Жолие задумчиво вытянул губы трубочкой.
– Н-да, мисс Горен, вы умеете докапываться до сути. Однозначного ответа нет. Во-первых, Ван Гог обладает исторической значимостью. Время от времени появляется мастер, меняющий путь, по которому развивается искусство. Ван Гог, можно сказать, развязал руки художникам. Им вдруг открылось то направление, в русле которого пойдет эволюция живописи. Они больше не занимались перепевами старых, уже проработанных тем, а, напротив, создавали новые.
– То есть Ван Гог – это все равно что Элвис, Боб Дилан или «Битлз»?
– Ну… – Жолие немного помялся, – в определенном смысле, пожалуй, да. Никто не способен заниматься после Ван Гога искусством, не ощущая его влияния. Работать можно и в его направлении или наперекор ему, но главное здесь, что Ван Гога уже нельзя игнорировать.
– Как в науке после Ньютона или Эйнштейна, – подхватил Хенсон.
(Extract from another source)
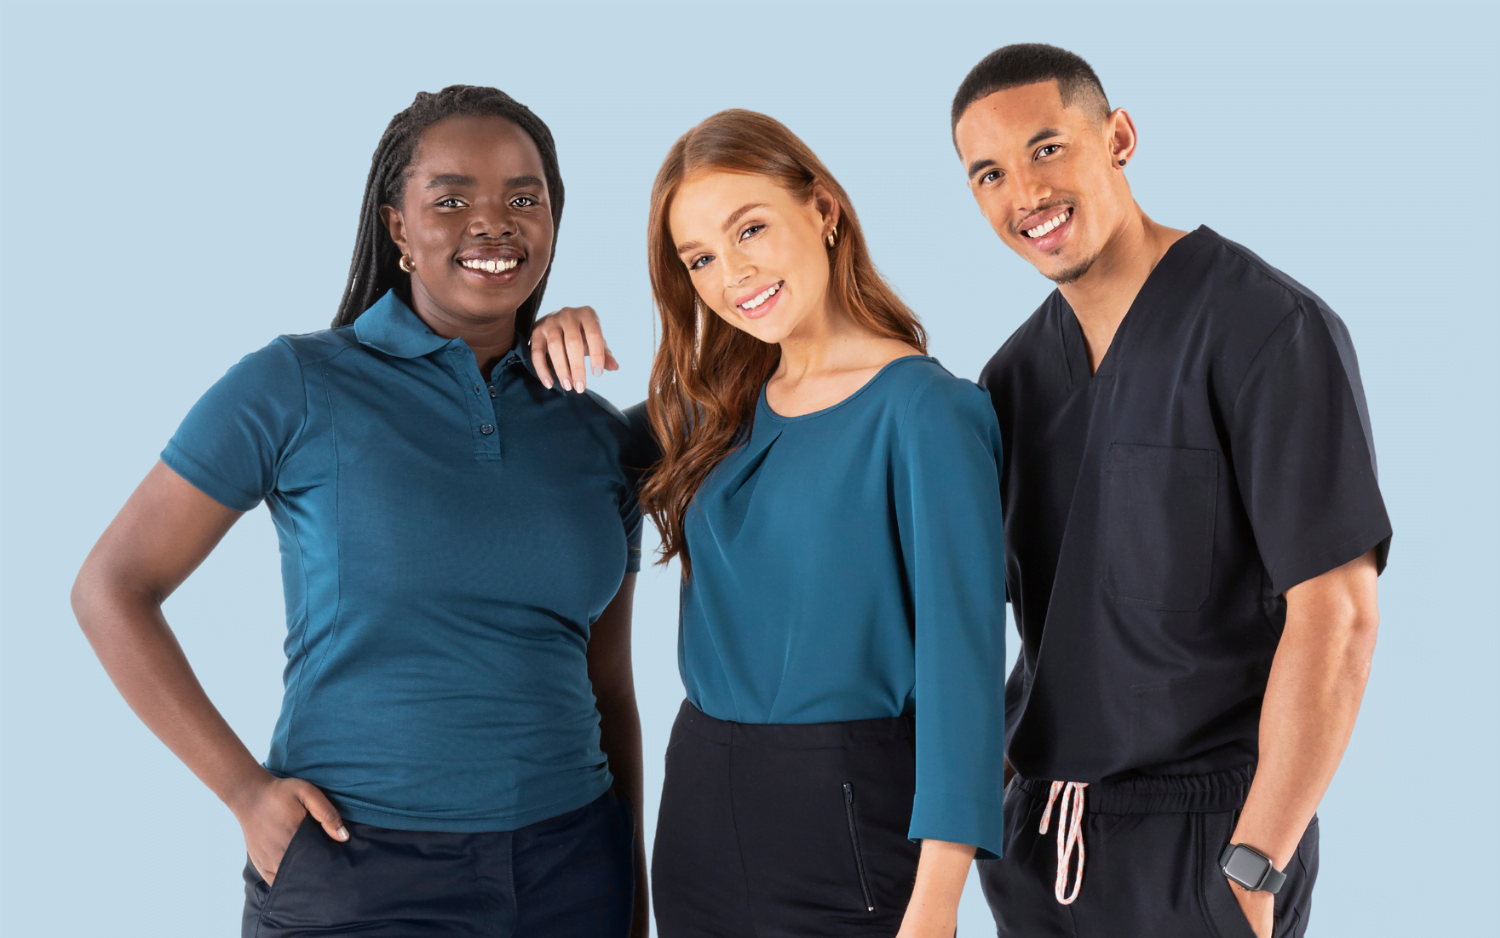 The banner for the article '3 Mistakes to Avoid When Choosing a Uniform Supplier' depicts three young, professional looking models wearing stylish, high-quality blue and navy uniforms manufactured by Designs To You. They're smiling confidently at the camera and standing in front of a a light blue background.

– Думаю, найти можно много параллелей, – сказал Жолие:– Несомненно одно: этот глубоко неуравновешенный, а в конечном итоге и умалишенный голландец изменил живопись. Причем за очень короткое время. Он терпел неудачу во всем. Например, пытался стать проповедником. Слышали об этом? Потом занялся живописью, и, хотя его работы были любопытны, сам стиль походил на такой тупой и невнятный реализм, что говорил скорее об отсутствии техники, нежели об изобретении нового направления.
– Как у моего дядюшки Ларса.
– Наверное, Ван Гог все-таки был получше, – ответил Жолие с коротким смешком. – Но потом он переехал на юг Франции, где с ним под одной крышей поселился Поль Гоген. И внезапно цвет будто взорвался на его полотнах. В ту пору как раз стали много выпускать ярко-желтого пигмента в тюбиках, так что он смог выразить, что у него на душе. Вся его карьера продлилась едва ли с десяток лет. Живописью-то он стал заниматься в тысяча восемьсот восьмидесятом, хотя пик гениальности пришелся на период с тысяча восемьсот восемьдесят восьмого по девяностый, когда он покончил с собой. Никто и никогда столь радикально не менял путь искусства за такое короткое время.
– Мне кажется, все те истории про отрезанное ухо отнюдь не навредили ценам, – заметил Хенсон.
– Романтика ярко вспыхнувшего и тут же сгоревшего метеора, – сказал Жолие. – Его душевная болезнь была жестокой, спору нет, но вот его письма открывают перед нами человека, крайне внимательного и чувствительного к своему искусству. Он был гораздо большим интеллектуалом, нежели об этом принято думать. Толпа вообще считает его за дикого, необузданного лунатика. А он, знаете ли, очень много читал, да-да. И владел несколькими иностранными языками, даже греческим занимался.
В глазах Эсфири разговор слишком далеко ушел от злободневной темы.
– А где Сэмюель Мейер смог ее достать? – вмешалась она.
Жолие беспомощно развел руками.
– А знал ли он про нее? Возможно, он и понятия не имел о ее ценности. Такие вещи случаются, и нередко. Вы же сами смотрите всякие телешоу, про то, как чье-то бабушкино блюдце на поверку оказывается керамикой династии Мин.
Хенсон взглянул на картину.
– Держу пари, он отлично знал, что к чему. Да и как может быть иначе?
Тут он запнулся и, подумав пару секунд, обернулся к Жолие.
– Антуан, ты вот сказал – «ранее неизвестное полотно»… В каком смысле «ранее неизвестное»?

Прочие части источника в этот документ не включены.